The music is original but far from recondite - accessible to a wide range of listeners, with 'tonal and consonant chords as points of support or rest throughout the whole score, which on the one hand represent stability, while on the other hand they are also given a pejorative meaning of overstability through holding on obsessively to that tonality' - - Against this stable tonal anchoring he also wanted to set reassuring rhythms, 'so that the basic pulse through the whole score until the final scene is the rhythm of the human heart-beat'.

Goeyvaerts wrote, in connection with De Heilige Stad that he not only wanted his "Holy City" to be accessible to specialists who have one or other serial keys at their disposal, but that he would like everyone to feel at home there at once. Also on a musical level Aquarius reveals a "nostalgia towards the future" in his new musical language which is highly emotionally charged. Goeyvaerts links up his opera to the original ritual function of ancient theatre: "a purifying, cathartic experience which leads to utopia".

The crowning of the whole Aquarius project came in April 1992 with the completion of Aquarius L'Ere du Verseau Opera for 16 soloists and orchestra. Karel Goeyvaerts was himself unable to completely correct the manuscript for the publication of the score, vocal and orchestral material; after his sudden death on 3rd February 1993 this task was successfully completed by Mark De Smet, a great authority on and friend of Goeyvaerts'.

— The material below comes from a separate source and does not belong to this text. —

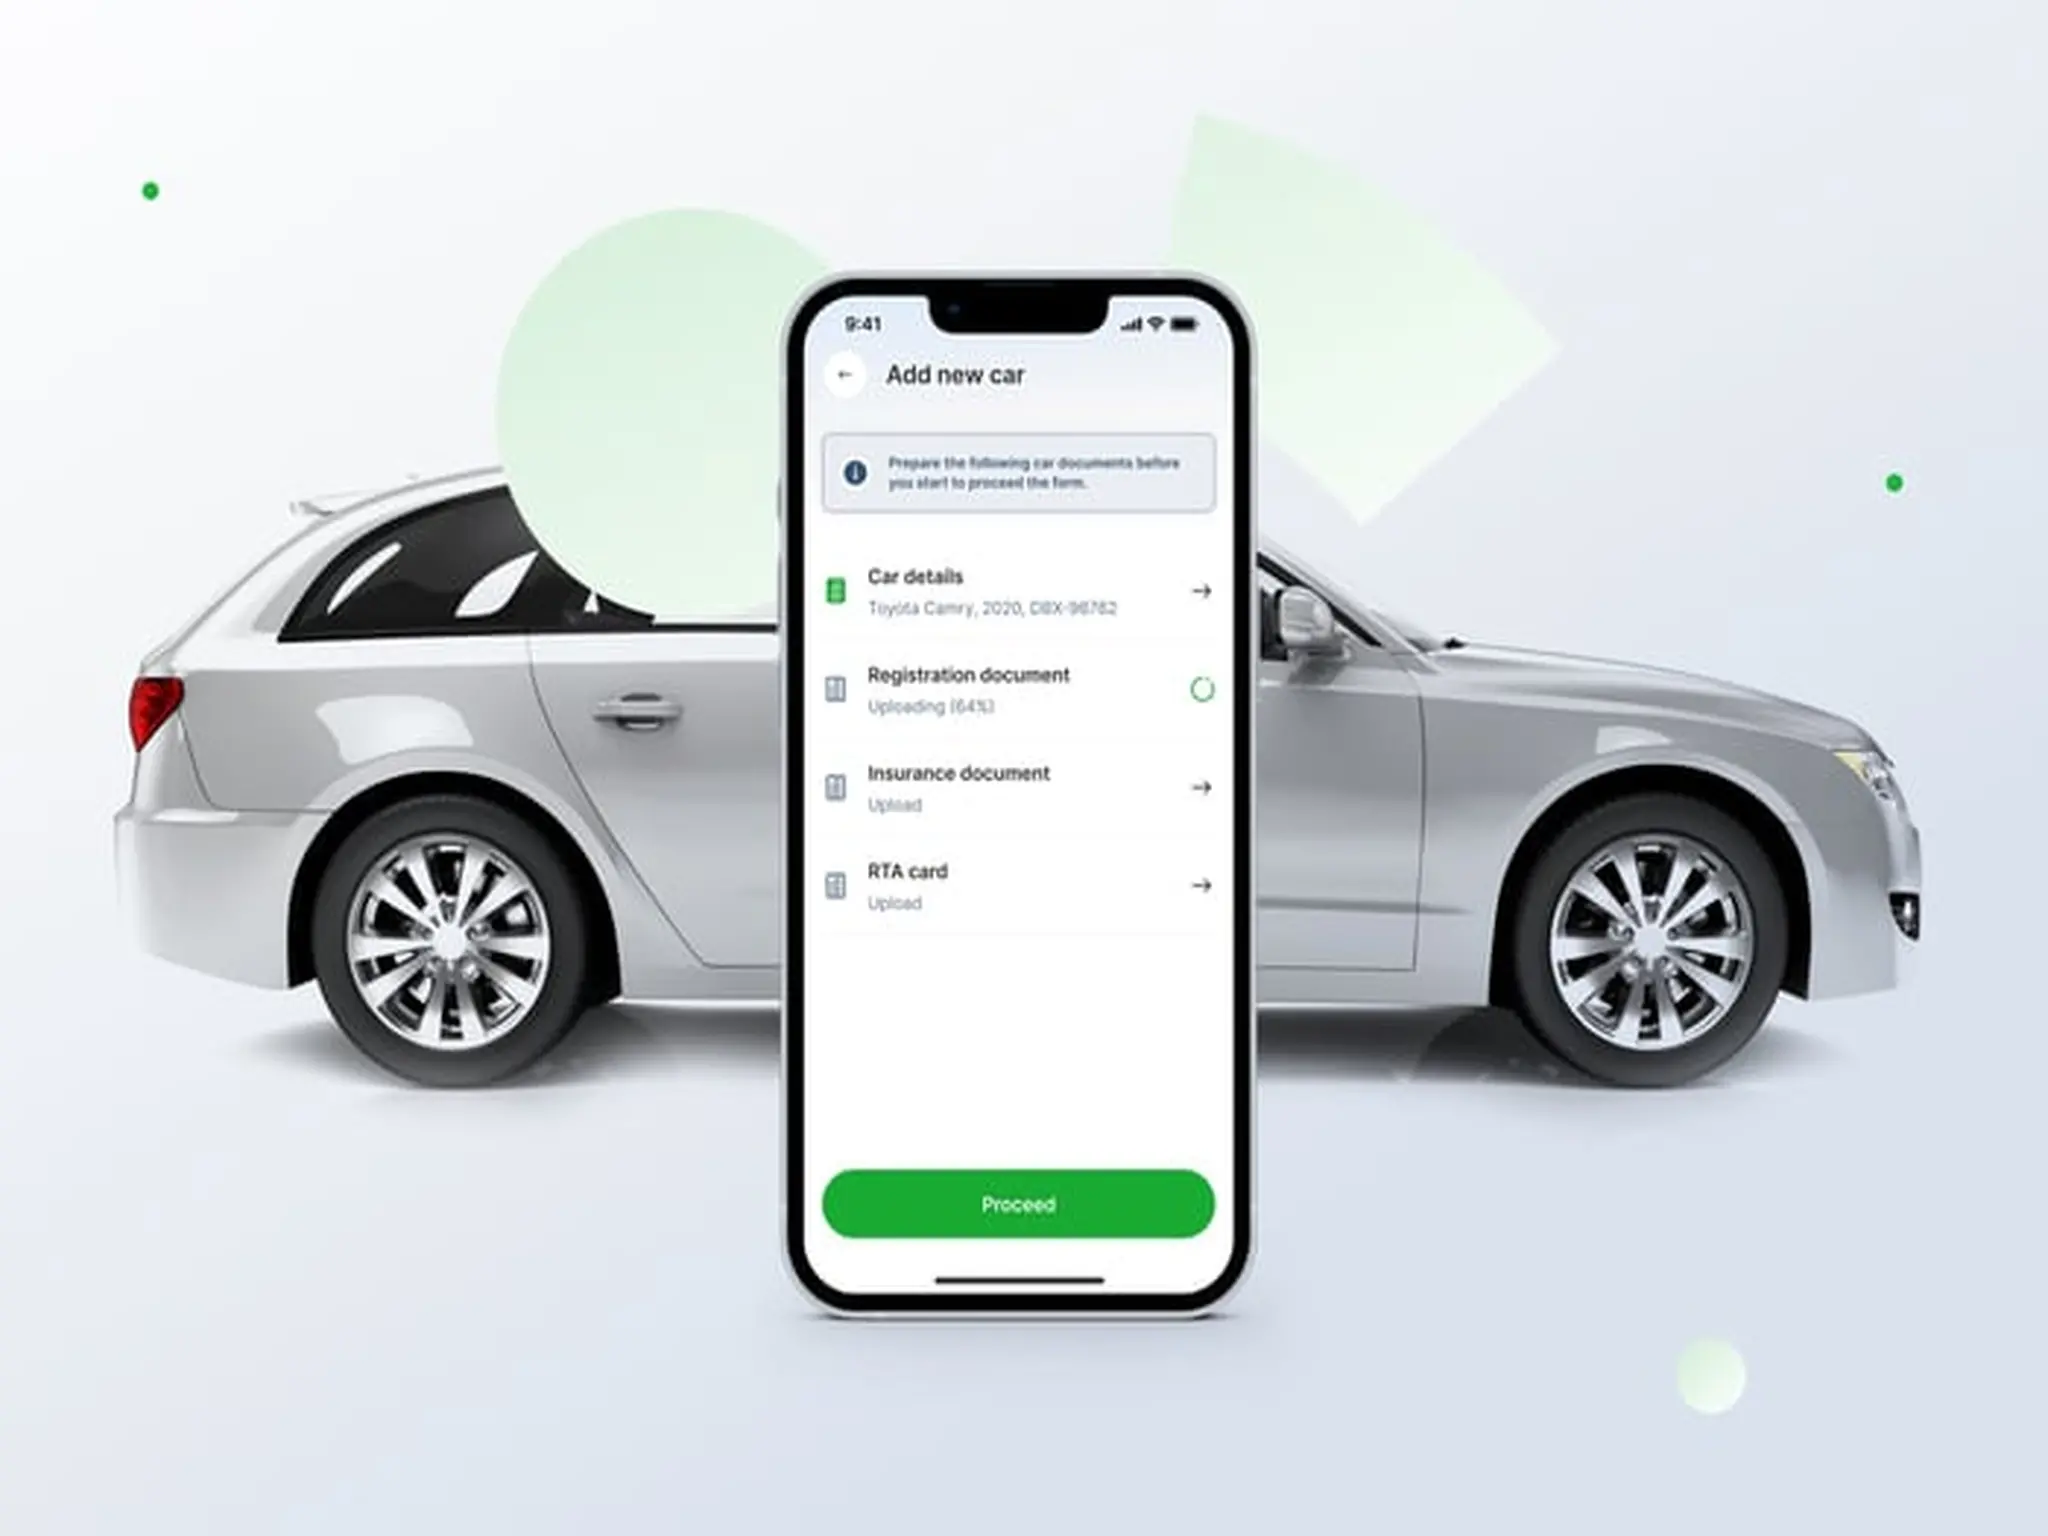 Have you seen the most recent Careem update?

It is interesting that the landmark recording was entrusted to a versatile British conductor from Wales, Grant Llewellyn, who found the collaboration on Aquarius 'a rare treat - - an initiation into the whole world of contemporary Belgian music'. I had a comparable experience by attending the Joint Venture Flanders Festival in Antwerp 2001, at the invitation of composer Boudewijn Buckinckx, from whom Karel Goeyvaerts had received a book The Aquarian Conspiracy (Personal and social transformations in the 1980s) by Marilyn Ferguson,which sparked the composition of this magnum opus.

I found the whole work made for compelling listening in this authoraitative recording and it whetted my appetite to hear far more music by this composer, previously only known to me through his Litanie 1 for piano. I commend a reading in full of the essay by Reinder Pols.